The sperm motility was significantly reduced (p<0.05) in rats treated for 2 weeks with 50 mg/kg. (40.6 ± 4.88) and 200mg/kg. (33.6 ± 0.61) compared with the control (82.0 ± 2.55). Similar significant reduction (P<0.05) was also observed in rats treated for 4 weeks with 50 mg/kg (32.1 ±2.17) and 200 mg/kg (26.0 ±3.10) compared with their controls (61.60 ±1.67). The reduction in motility was more in rats treated for 2 weeks with 200 mg/kg (33.6 ±0.61) compared with those treated with 50 mg/kg (40.6 ±4.88). The effect of extract at 2 weeks was found to be dose dependent (table 3). The inhibition was found to be less for 200mg/kg in the four weeks segment when compared with 50mg/kg. These seemed to be initiation of recovery of the sperm parameters by this time.

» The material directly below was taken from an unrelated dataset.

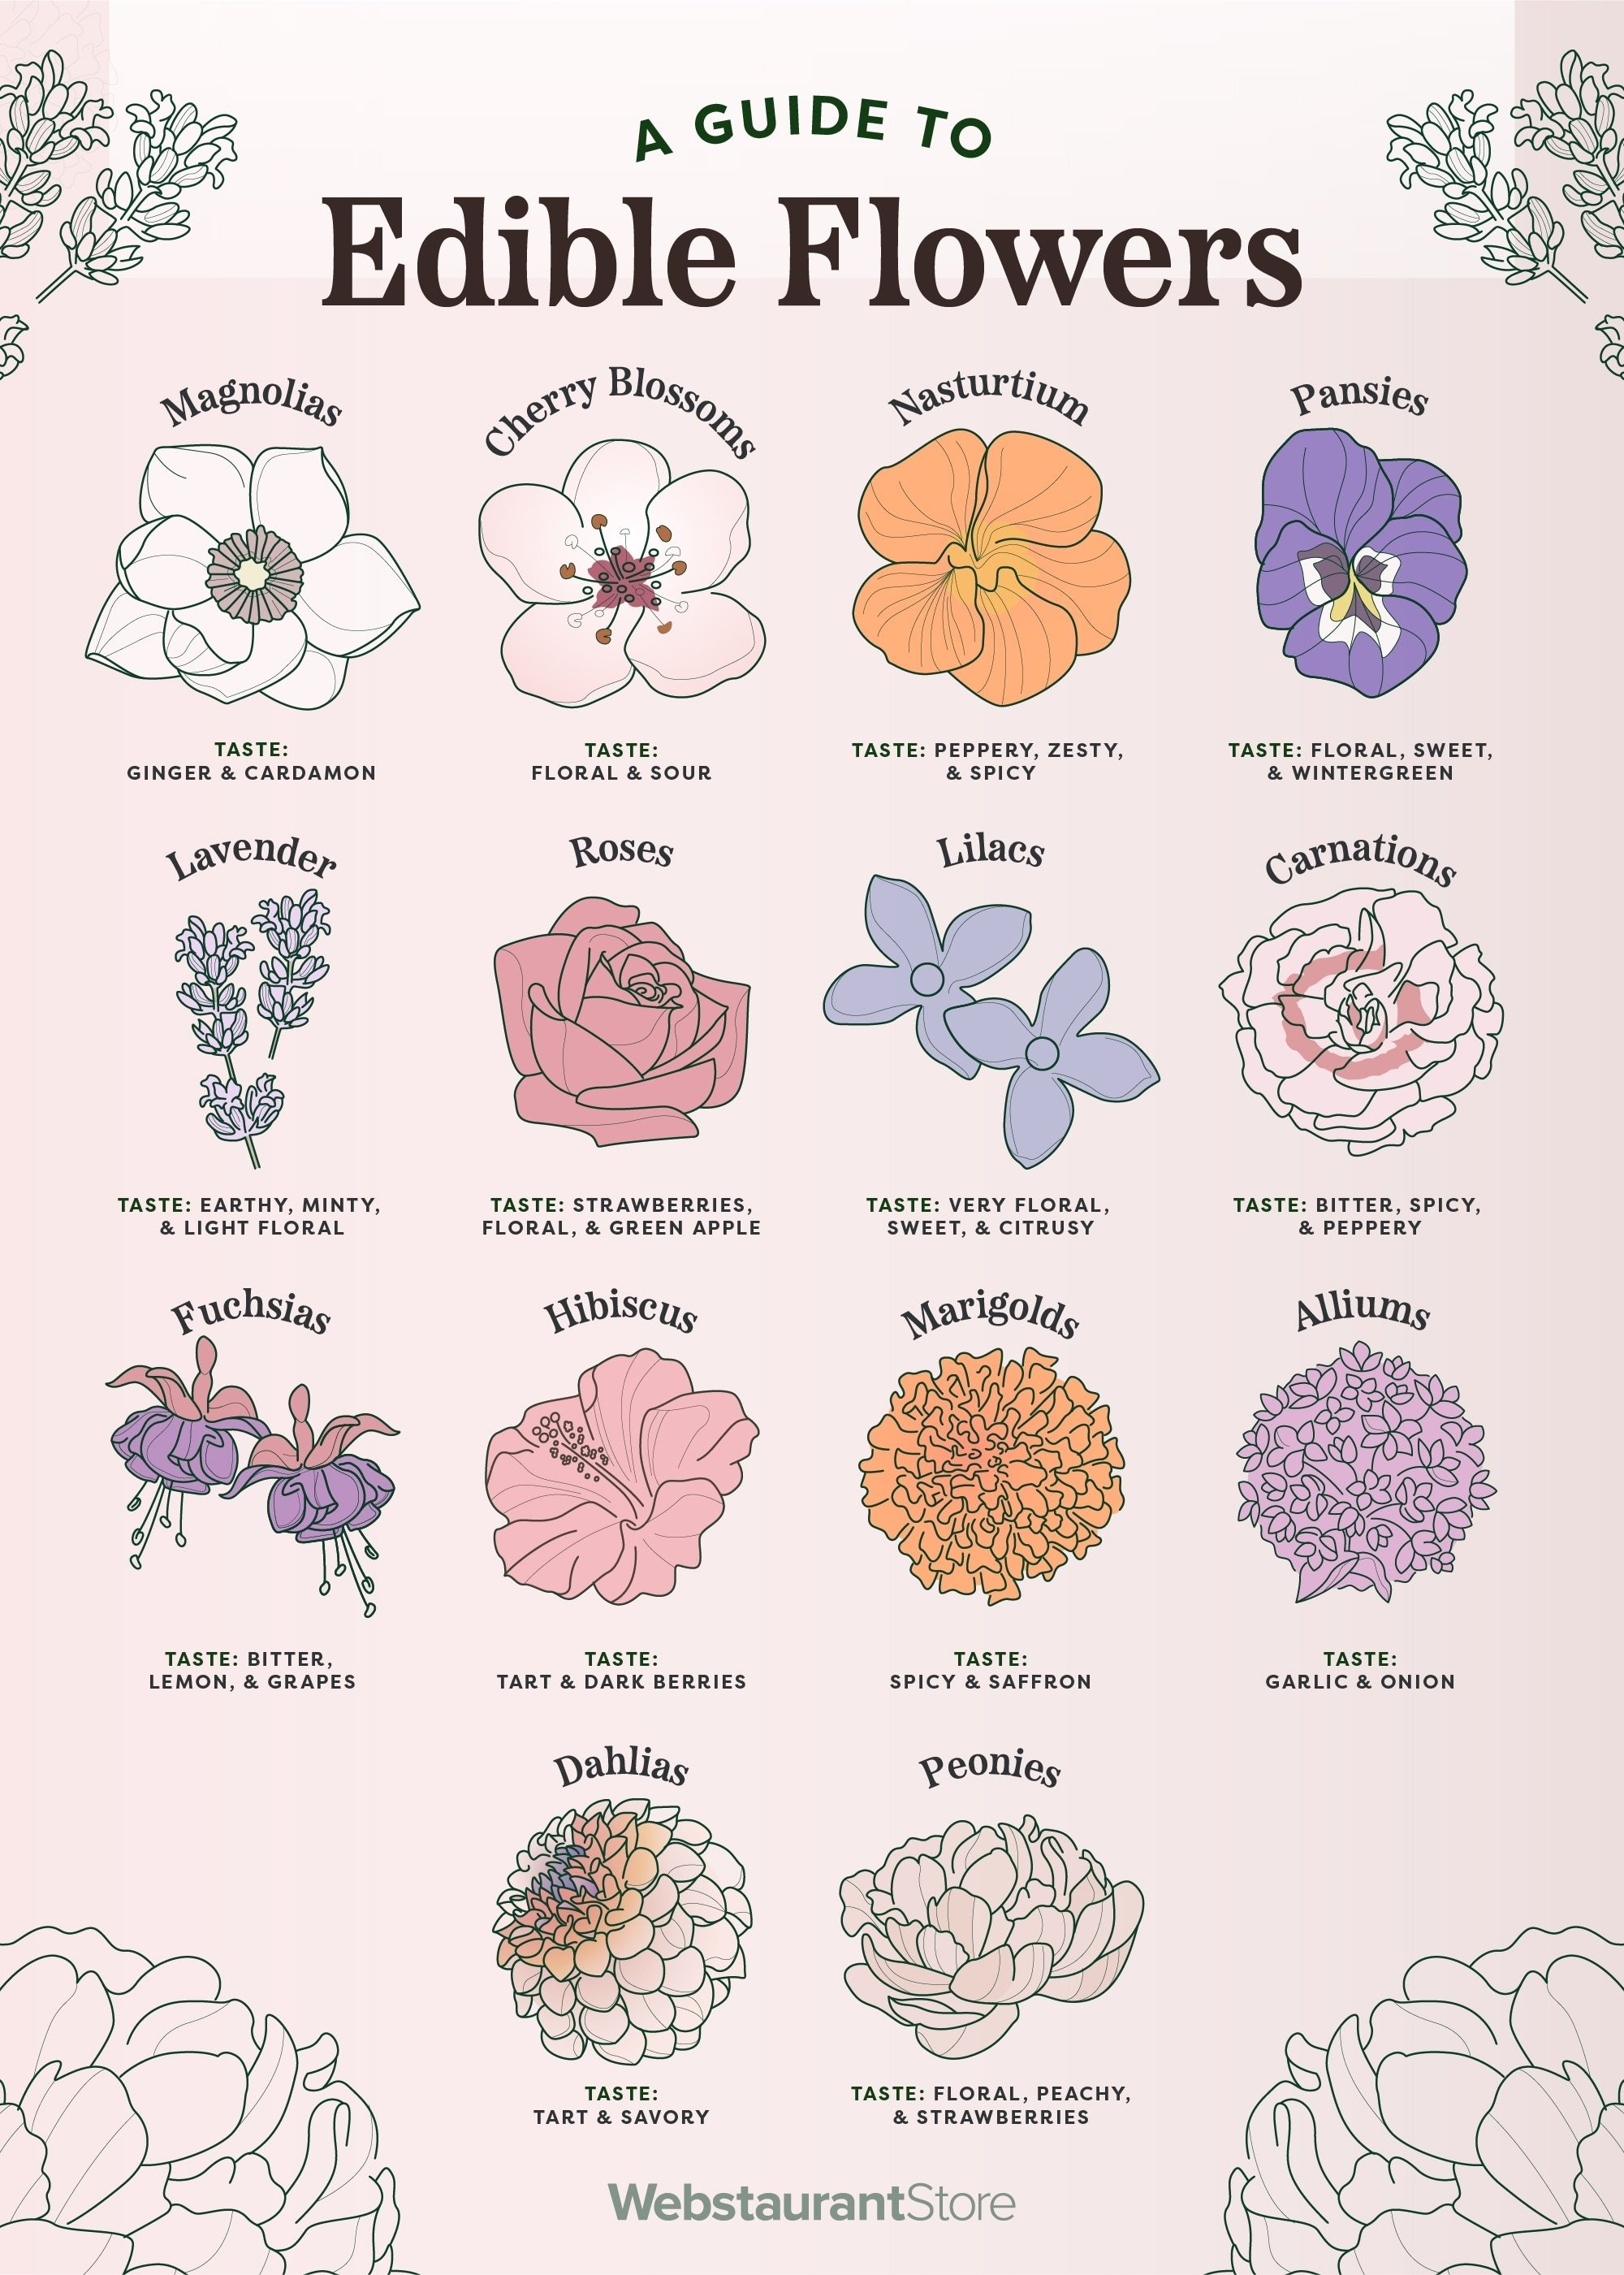 Edible Flowers Infographic
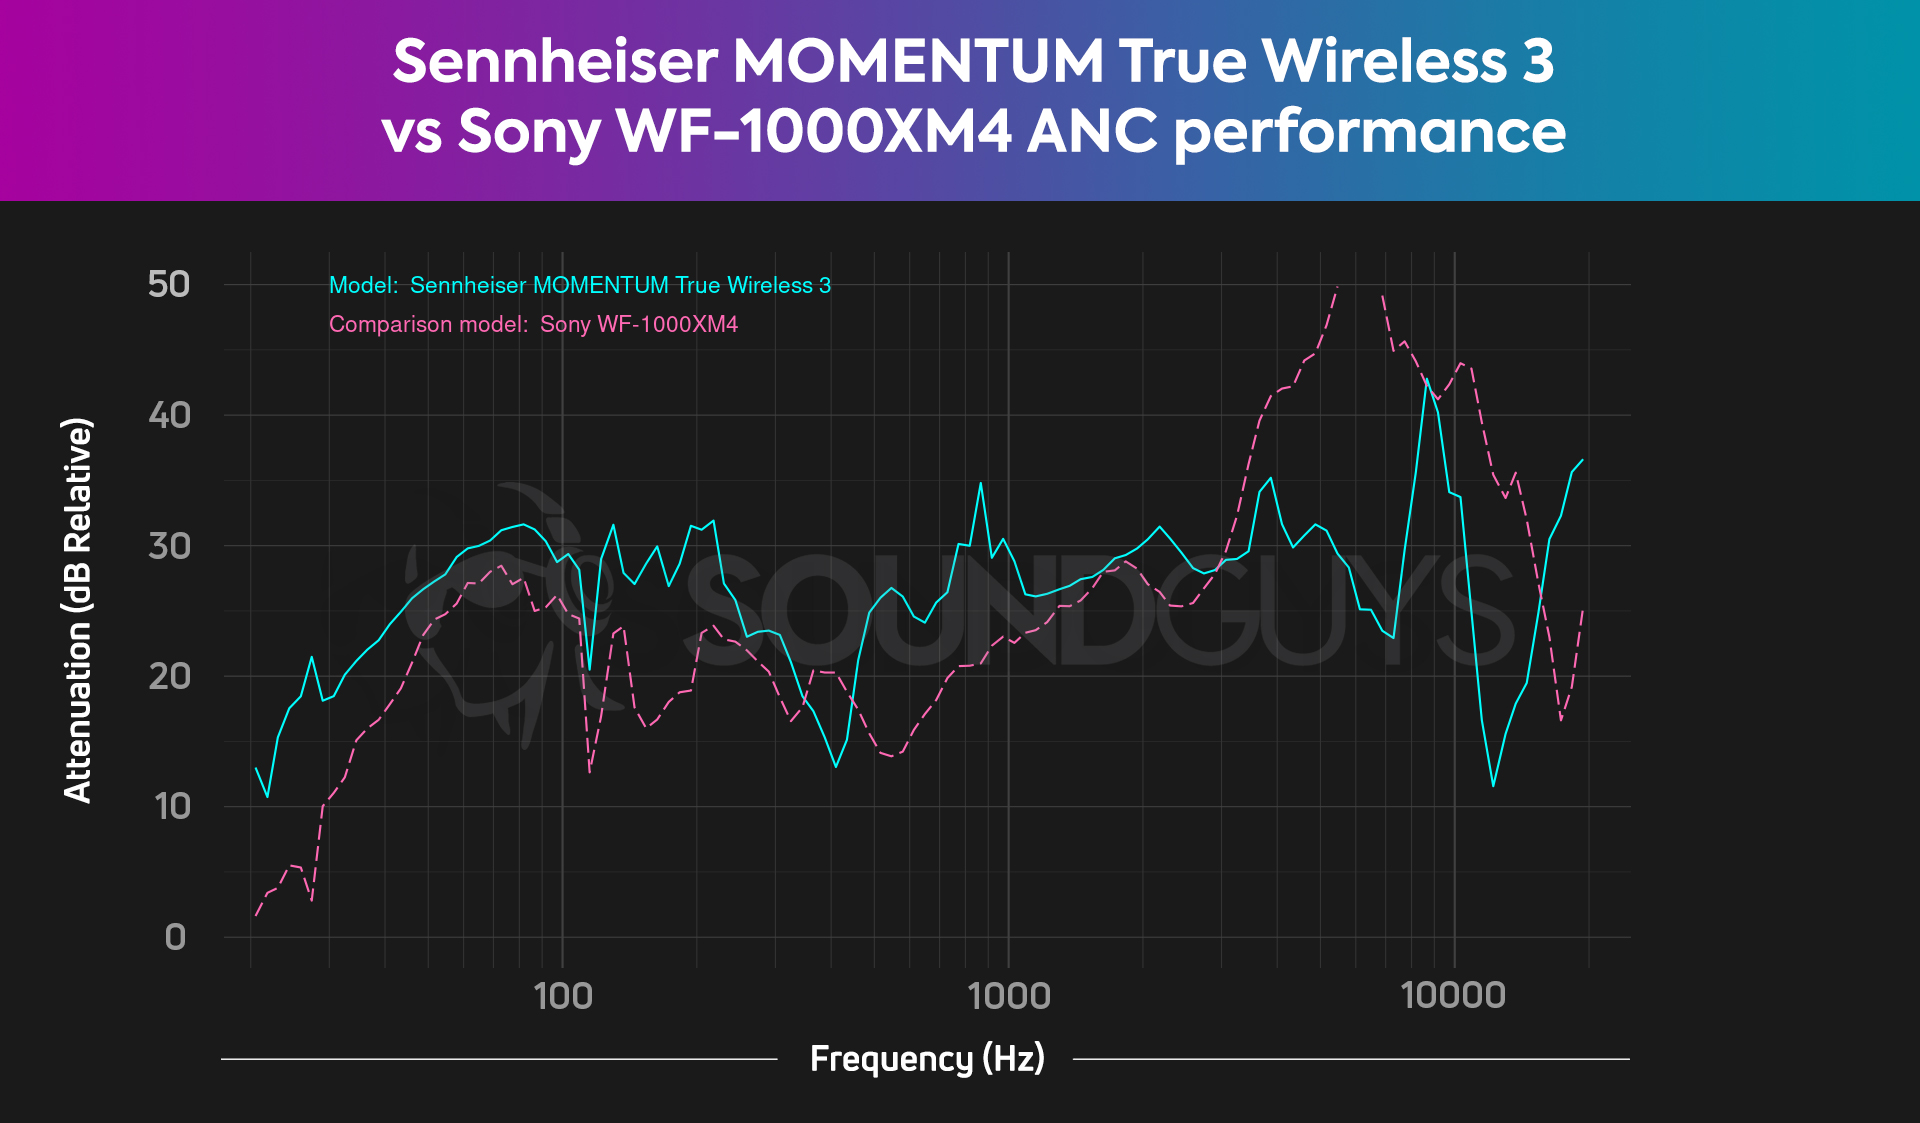 This chart depicts the combined active noise canceling and isolation performances of the Sennheiser MOMENTUM True Wireless 3 and the Sony WF-1000XM4.

The sperm count was significantly reduced (p<0.05) in rats treated for 2 weeks with 50 mg/kg (52.2 ±2.28) and 200 mg/kg. (49.8 ±2.86). No significant reduction (p>0.05) was observed in rats treated for 4 weeks with 50 mg/kg (49.0 ± 2.65) and 200 mg/kg (51.4 ± 2.41) compared with their control (54.8 ± 1.92) (p<0.05). There was also no significant difference in the sperm count of rats treated wit 50 mg/kg for 2 weeks when compared with those treated for 2 weeks with 200 mg/kg. Similar observation were made in those treated for 4 weeks with 50mg/kg and 200 mg/kg (p>0.05).

The sperm viability was significantly reduced (P<0.05) in rats treated for 2 weeks with 50 mg/kg (50.0.3.16) and 200 mg/kg (24.2 ± 0.38) compared with the control (87.4 ±95). Similar reduction (P<0.05) was also observed in rat treated for 4 weeks with 50 mg/kg (44.6±1.67) but not with 200mg/kg (52.4 ± 3.27) compared with their control. The reduction in viability was highest in rats treated for 2 weeks with 200 mg/kg (24.2 ± 0.35) than those treated with 50 mg/kg for the same period (50 ± 3.16). The changes in the sperm viability were both duration and dose dependent (table 3) and statistically significant (p<0.05).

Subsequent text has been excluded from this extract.